Information supplied >>
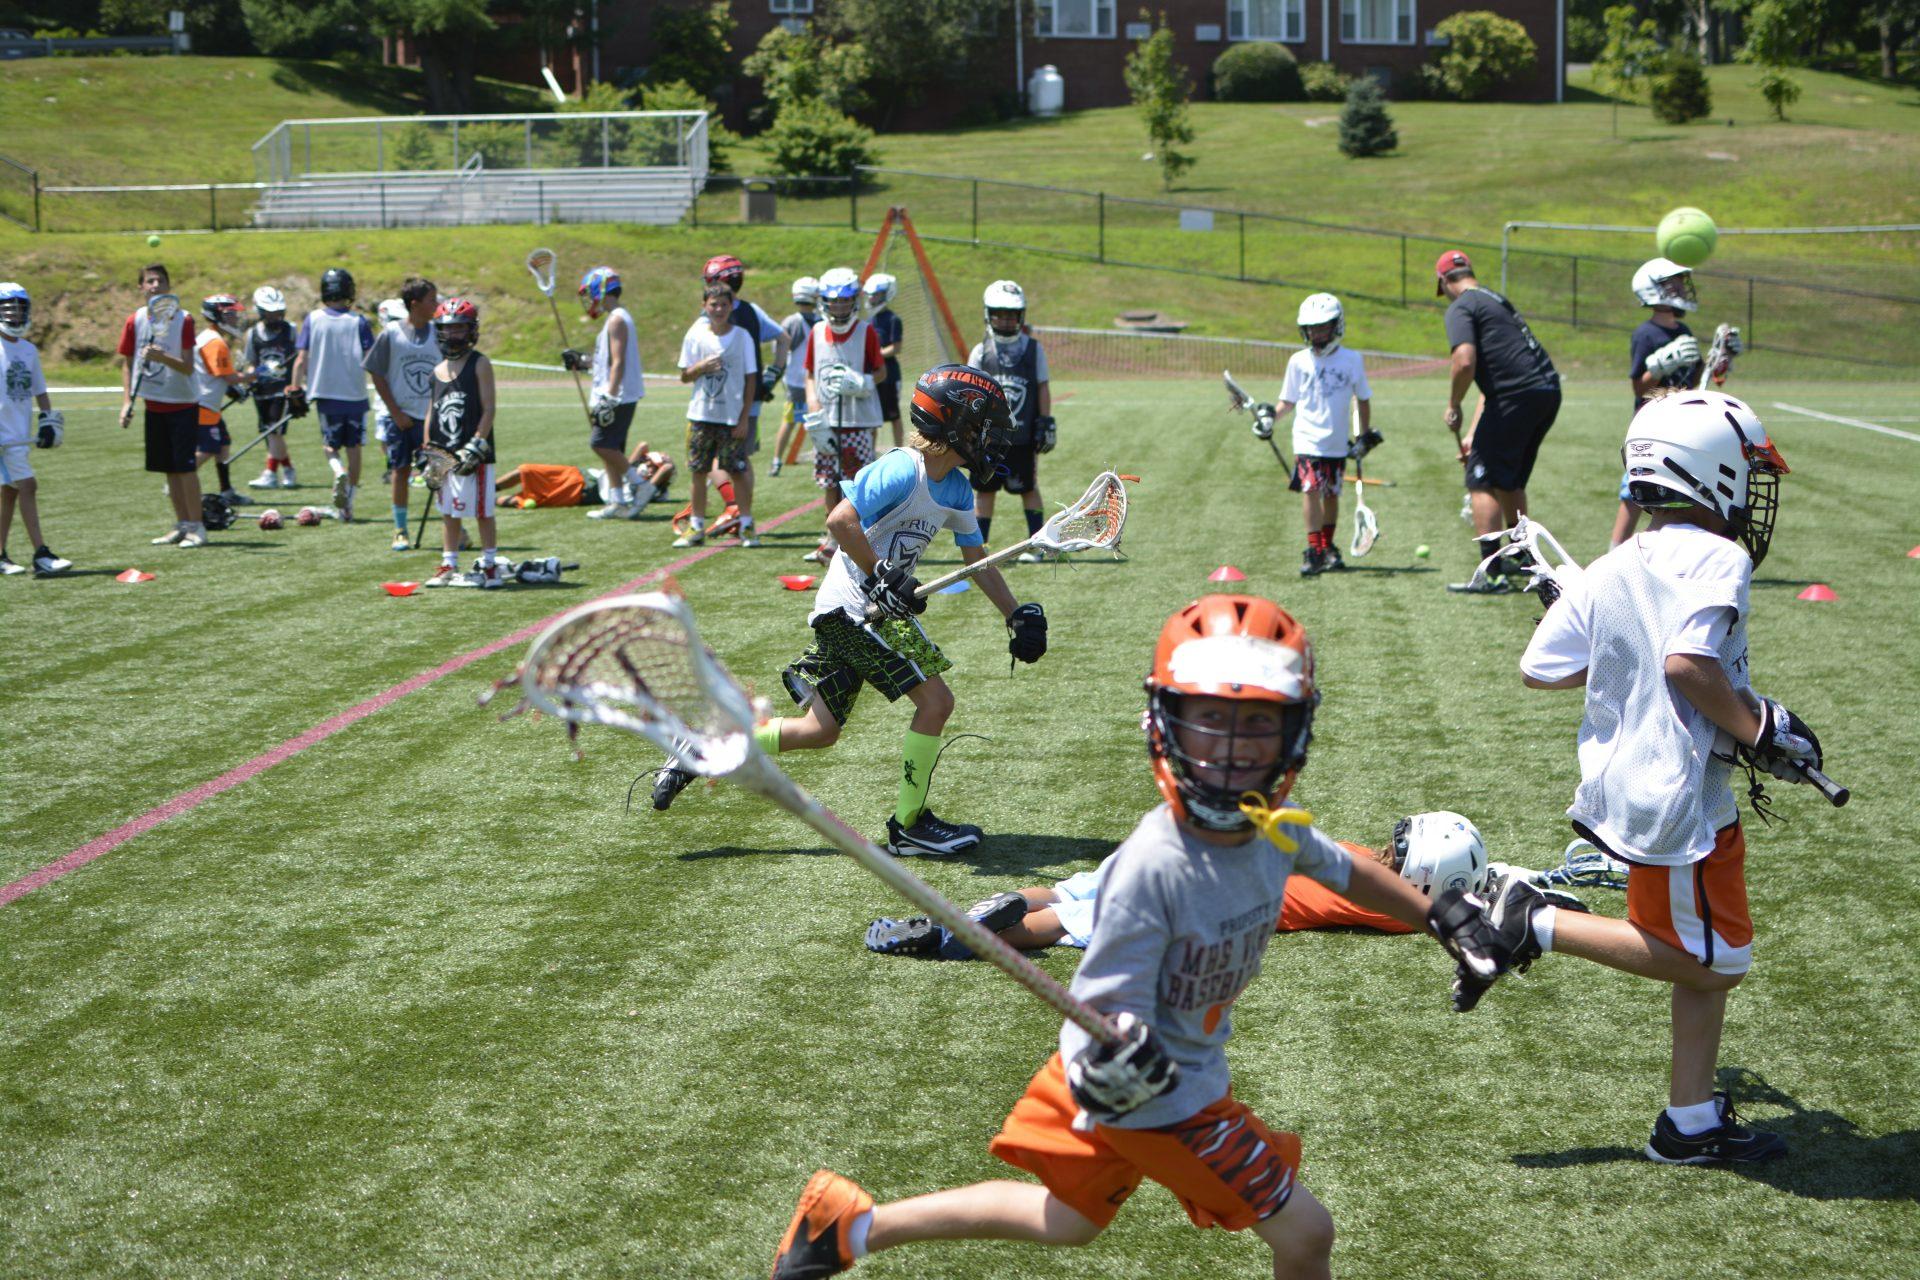 New Jersey Lacrosse Camp Fun
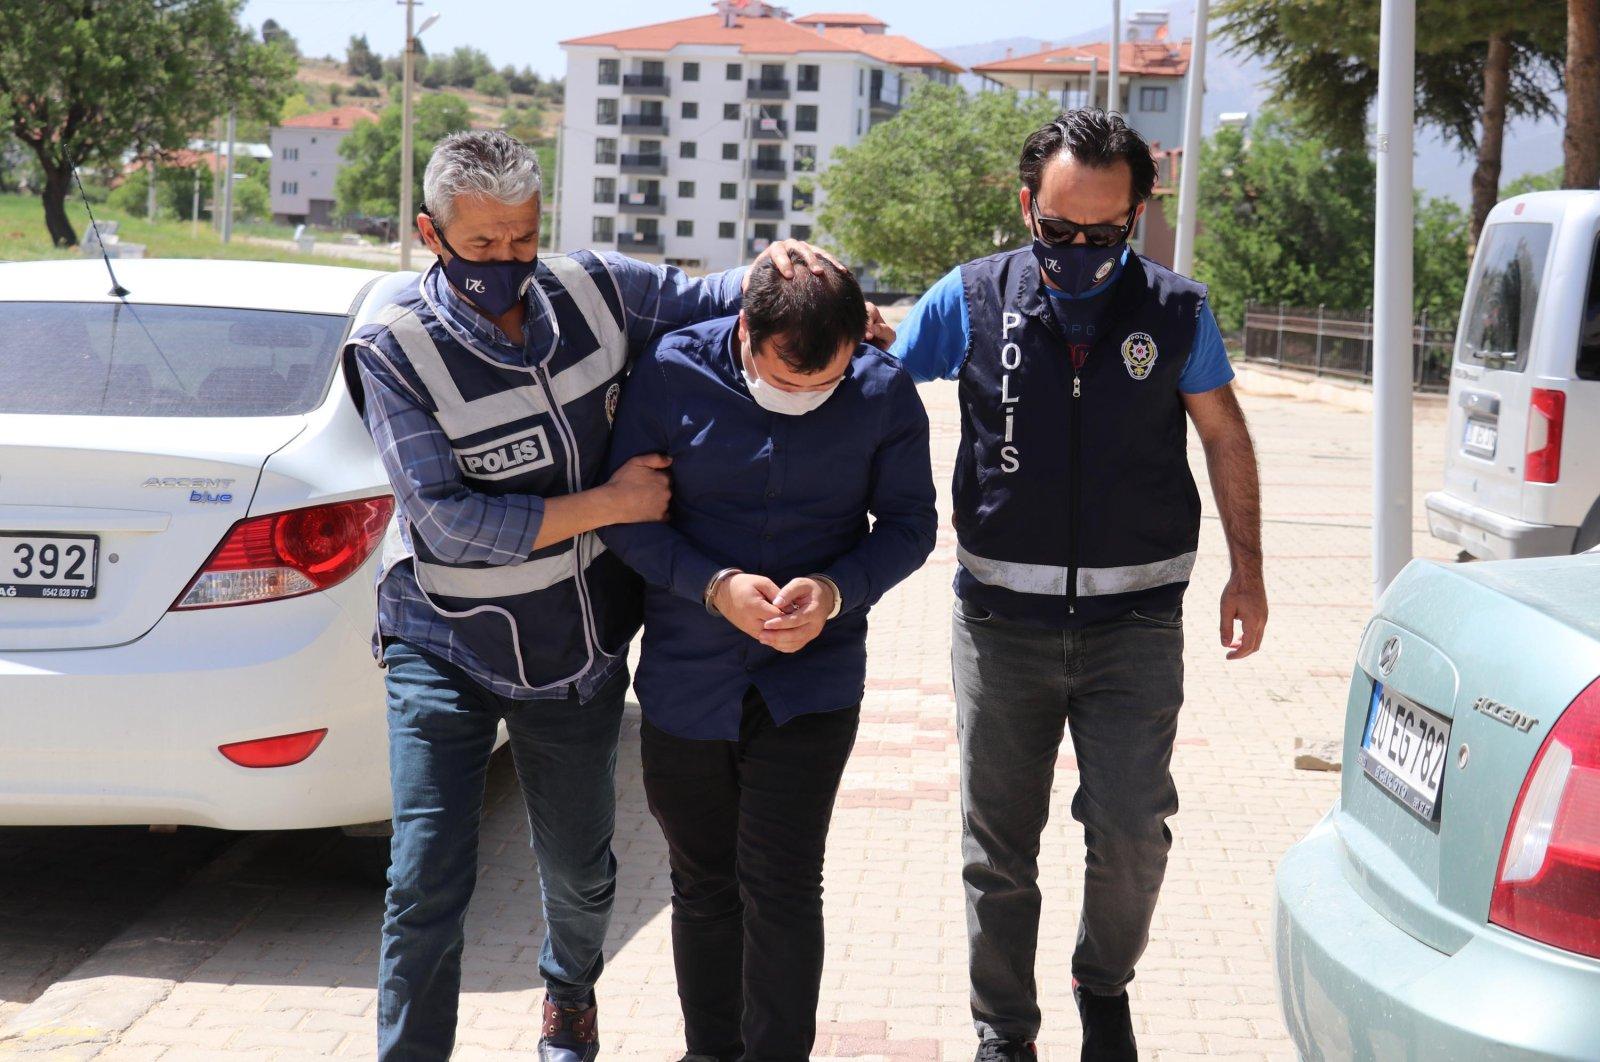 Halil Baki Çelen (C) is arrested by Turkish police in Denizli, Turkey, May 5, 2021. (DHA Photo)
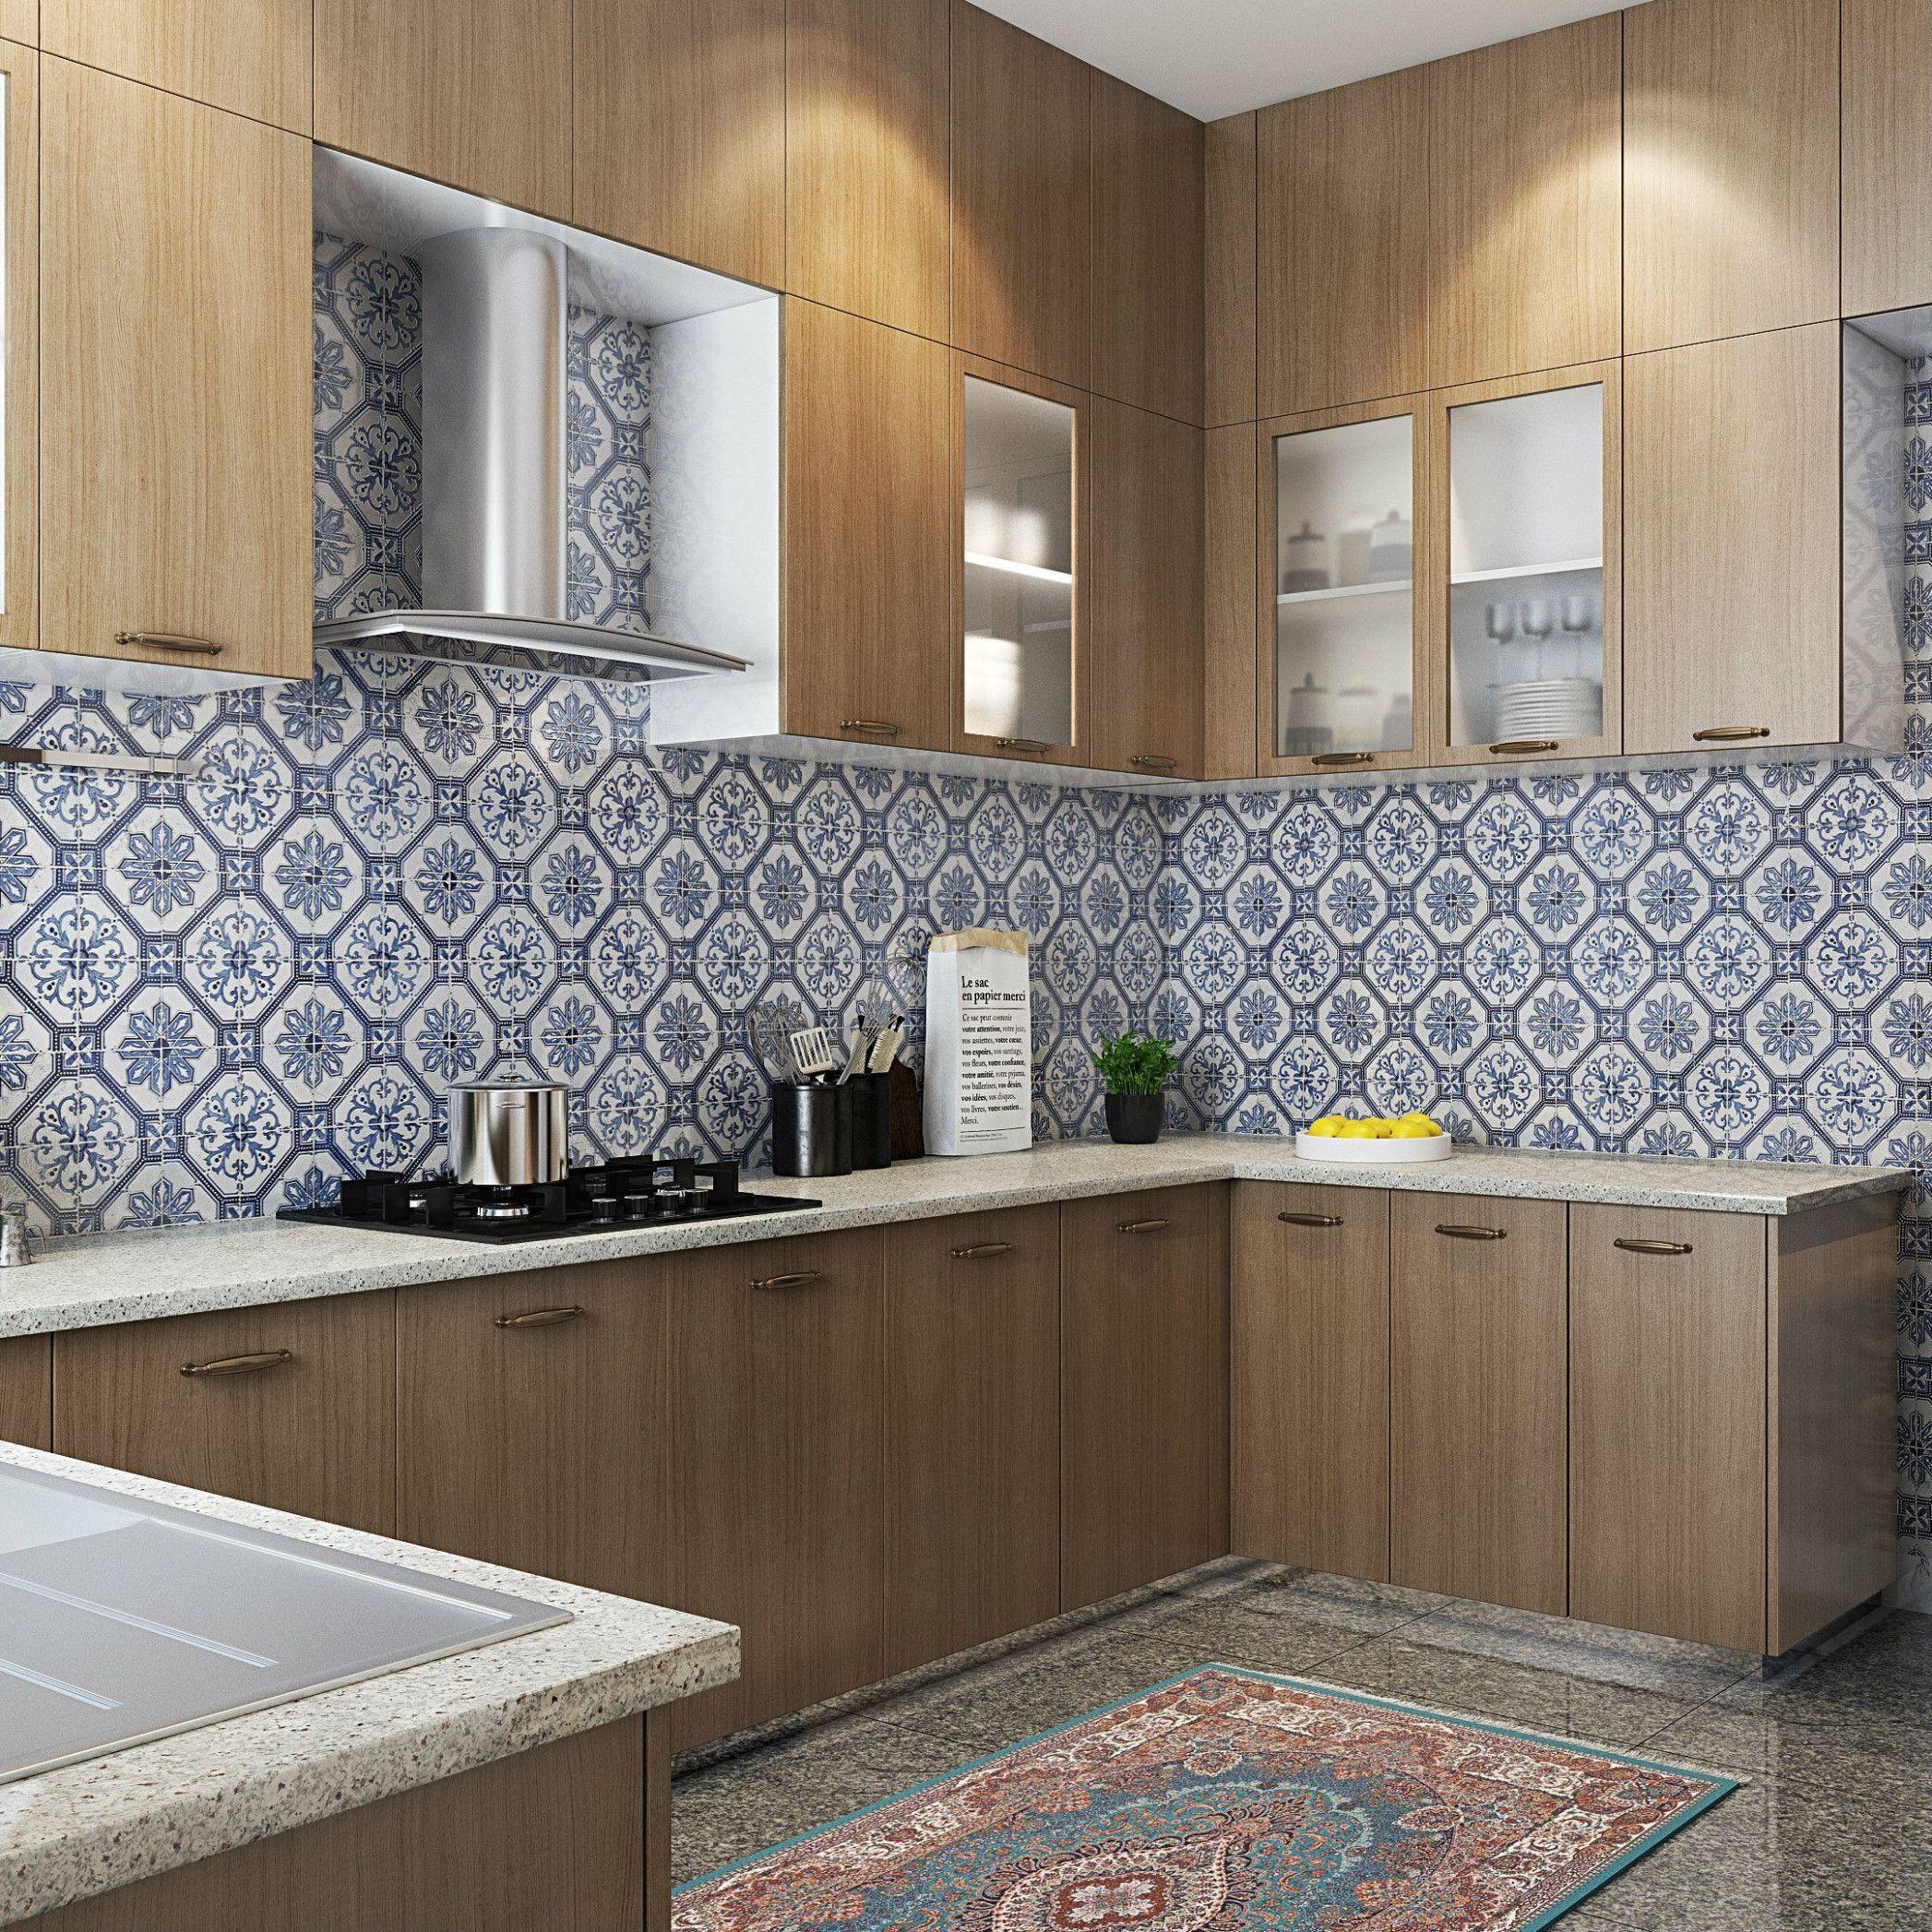 Modular Kitchen Wall Tiles Design Design Kitchen Wall Tiles

Your goal >> Without any of the pictures, reproduce the listing above exactly.

Expected answer >>
 New Jersey Lacrosse Camp Fun
 Halil Baki Çelen (C) is arrested by Turkish police in Denizli, Turkey, May 5, 2021. (DHA Photo)
 Modular Kitchen Wall Tiles Design Design Kitchen Wall Tiles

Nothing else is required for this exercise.